DATA SHOWN:

* * * * * * *

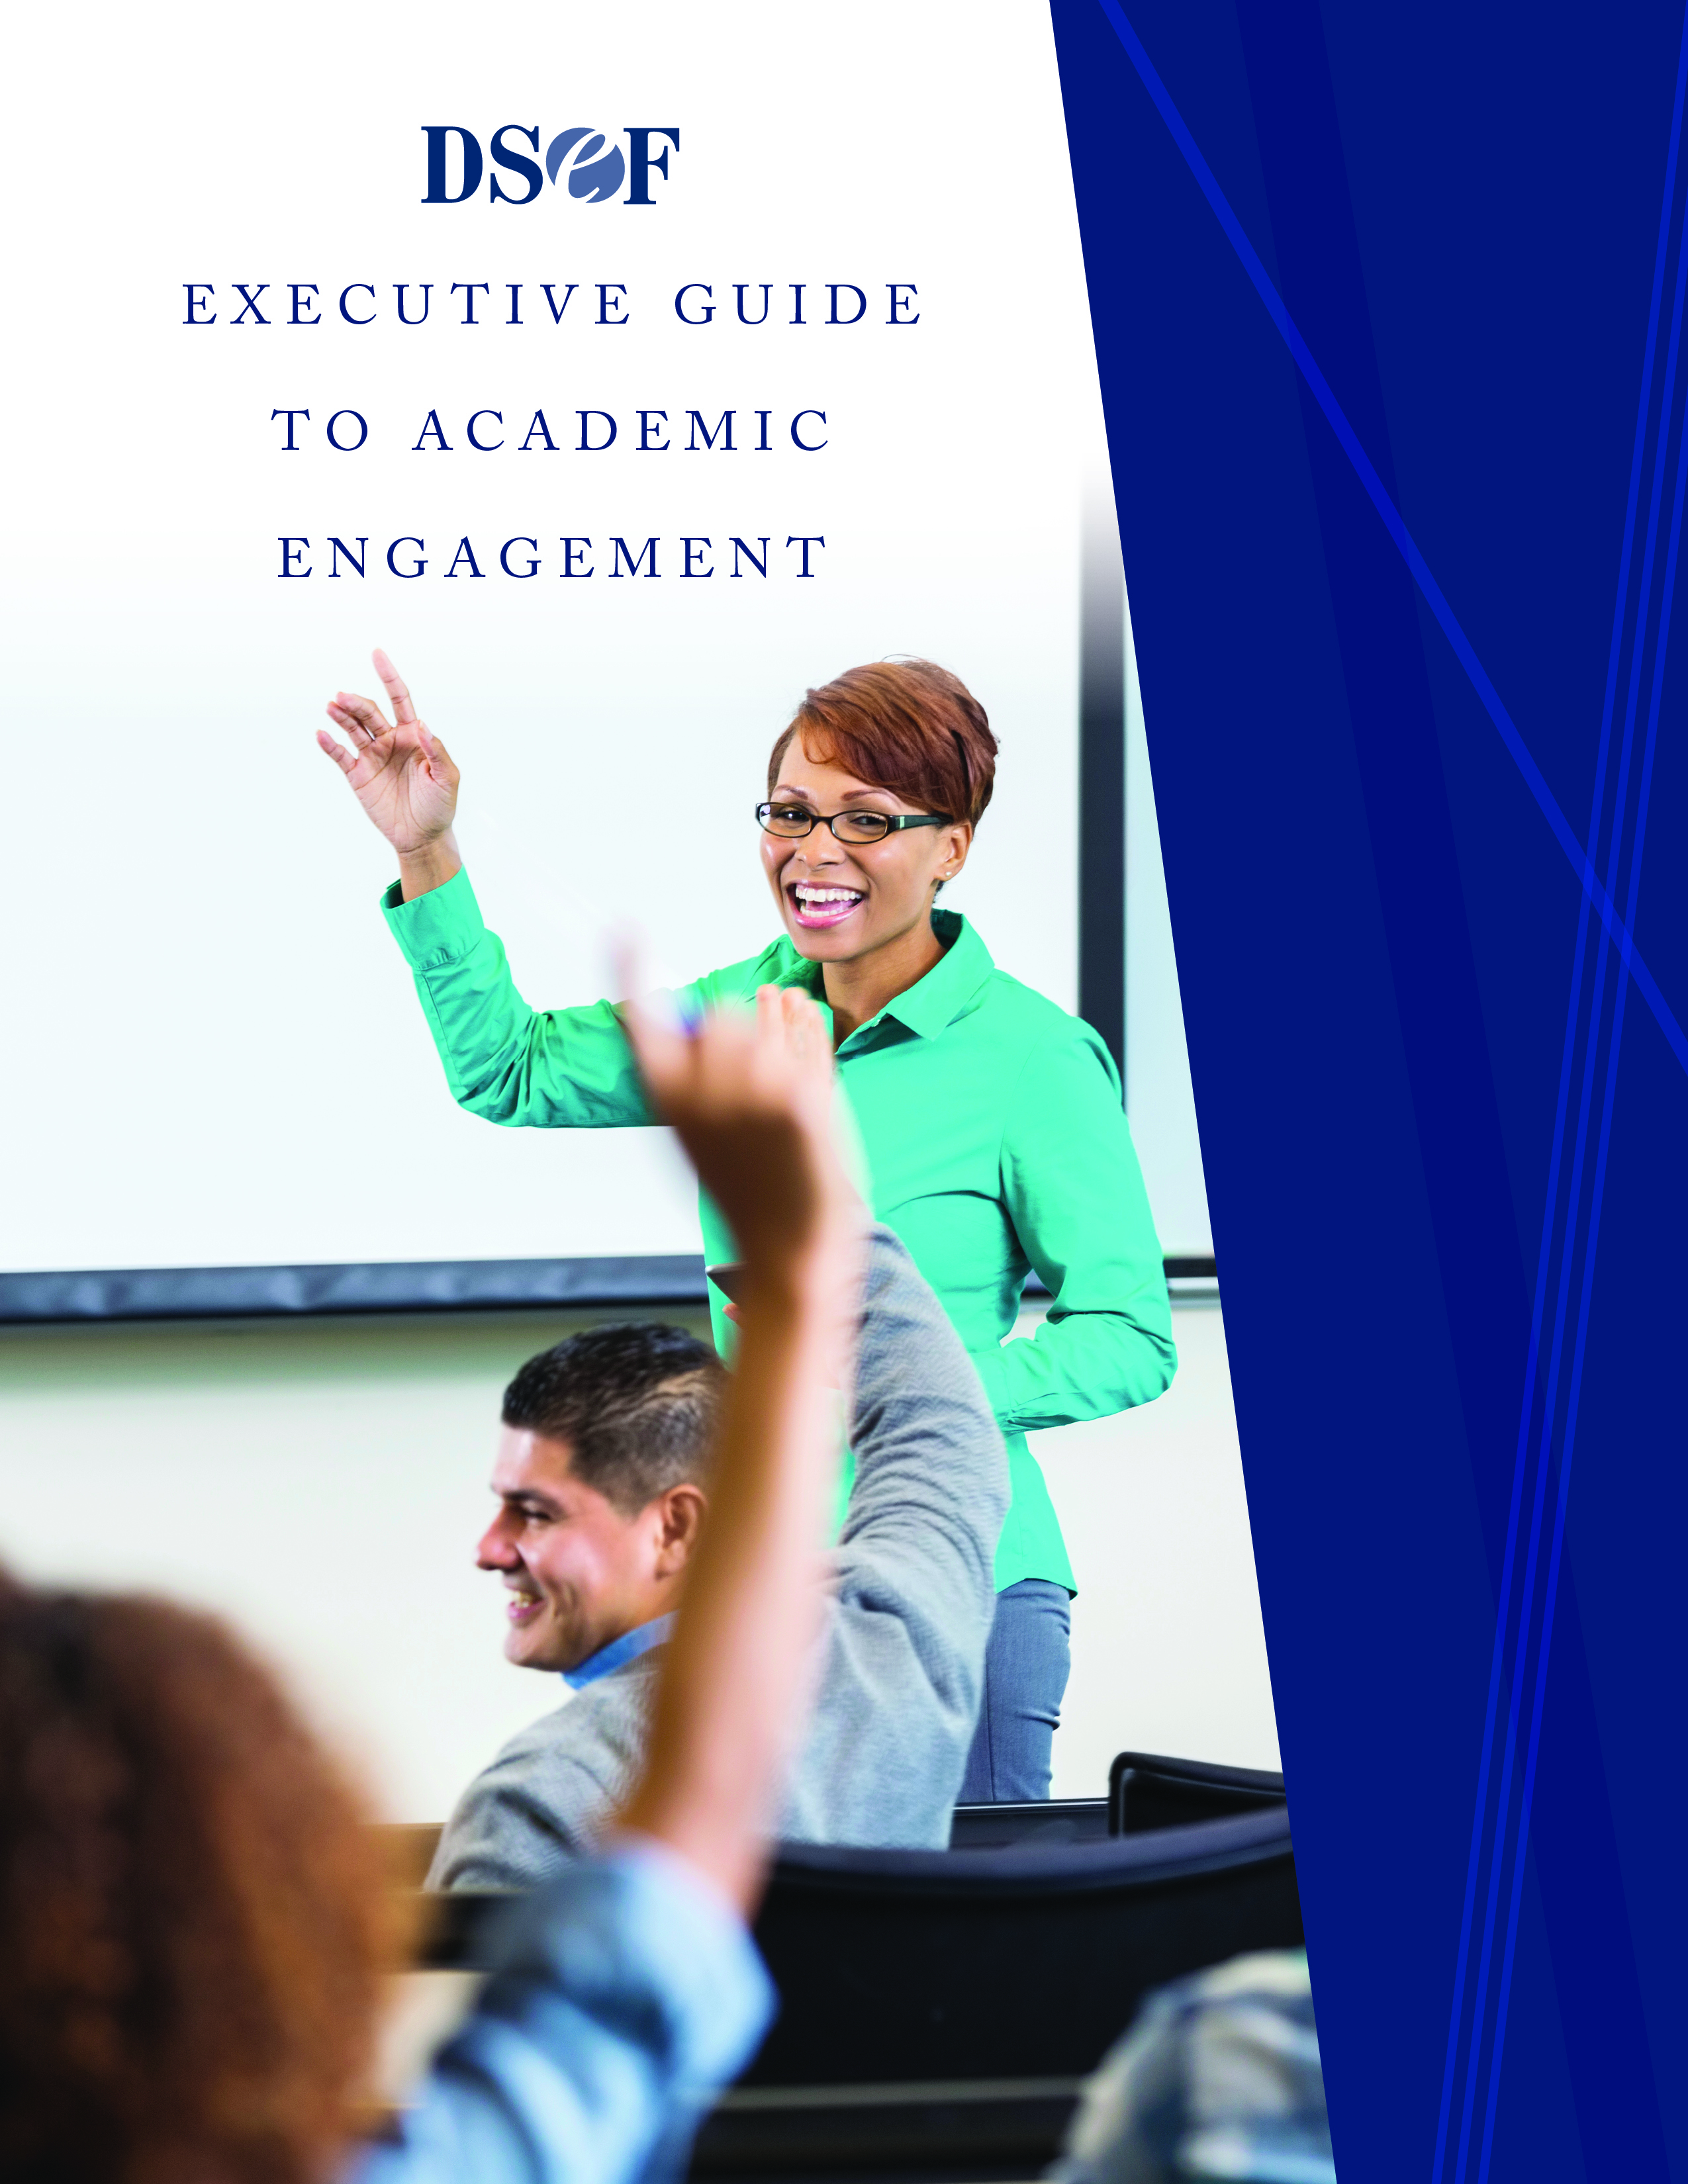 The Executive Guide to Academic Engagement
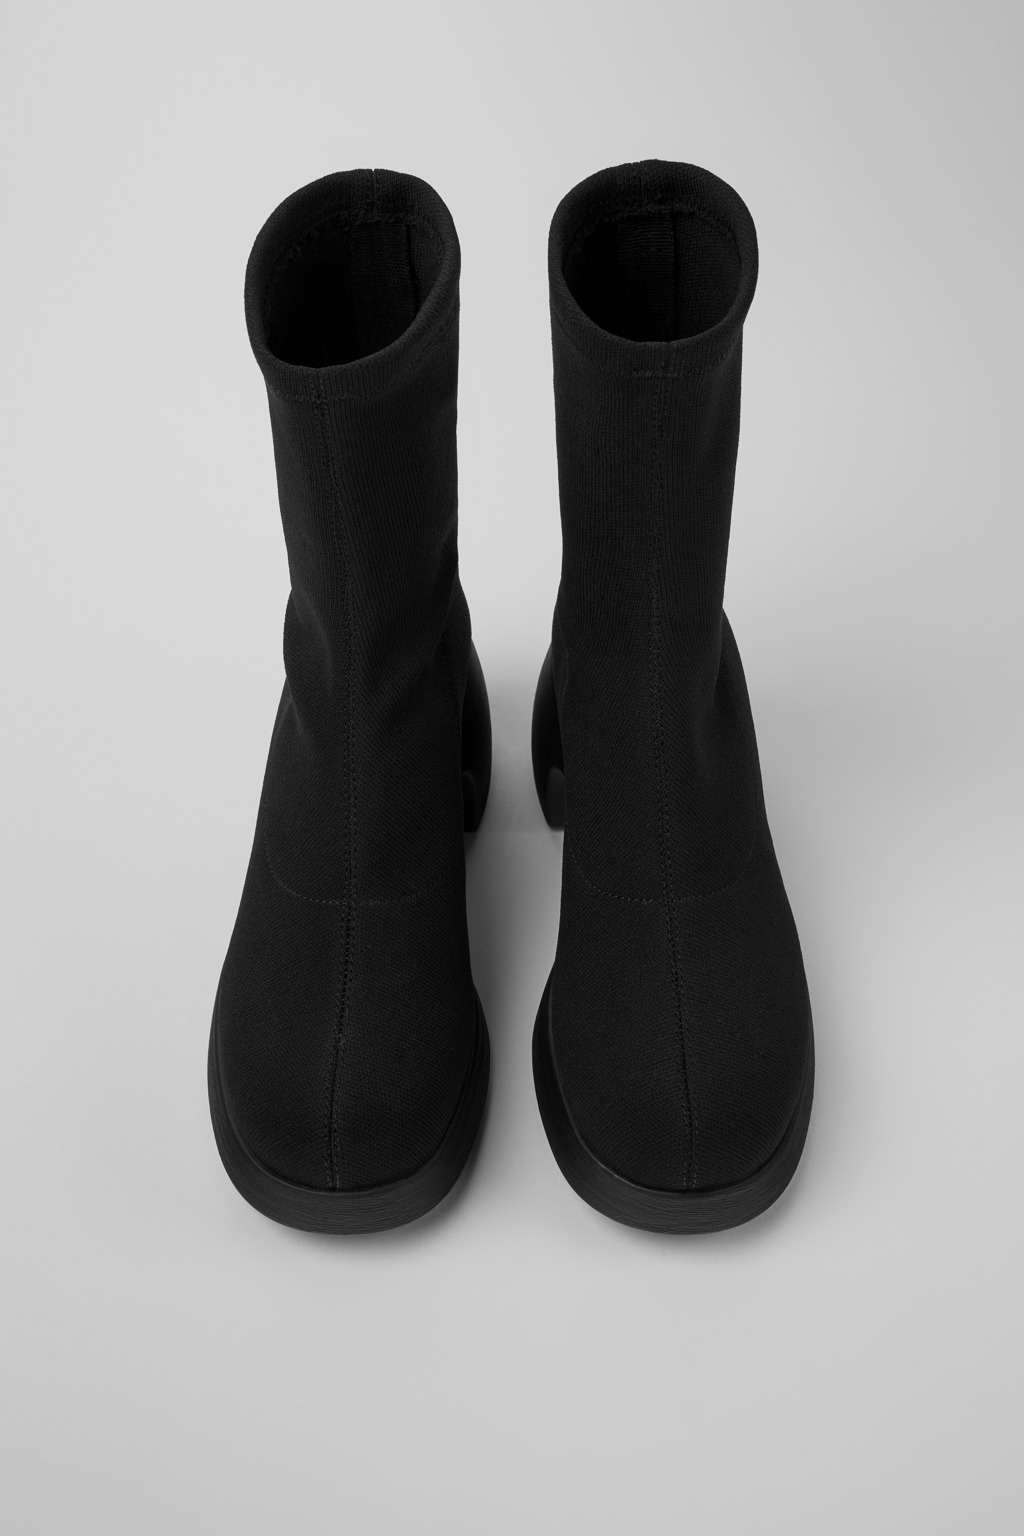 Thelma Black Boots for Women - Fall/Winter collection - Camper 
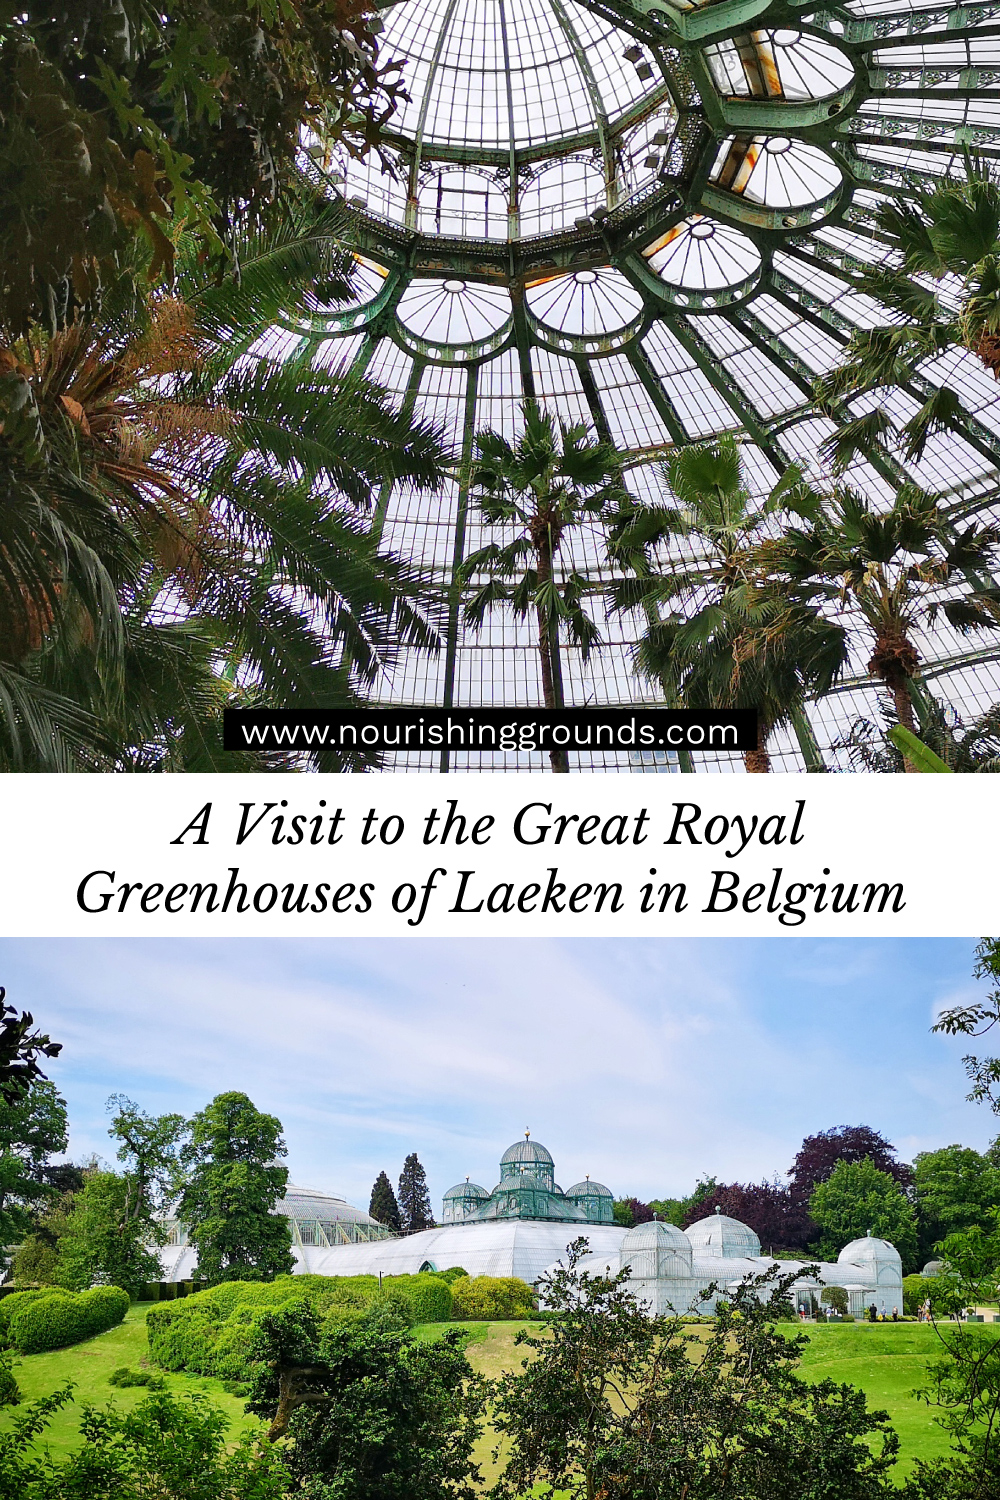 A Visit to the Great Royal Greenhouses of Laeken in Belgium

* * * * * * *

PROBLEM TO SOLVE: All lines from the one containing "Thelma Black Boots" through the end of the data are to be written out exactly, with nothing added; skip the pictures.

ANSWER TO THIS EXERCISE:
 Thelma Black Boots for Women - Fall/Winter collection - Camper 
 A Visit to the Great Royal Greenhouses of Laeken in Belgium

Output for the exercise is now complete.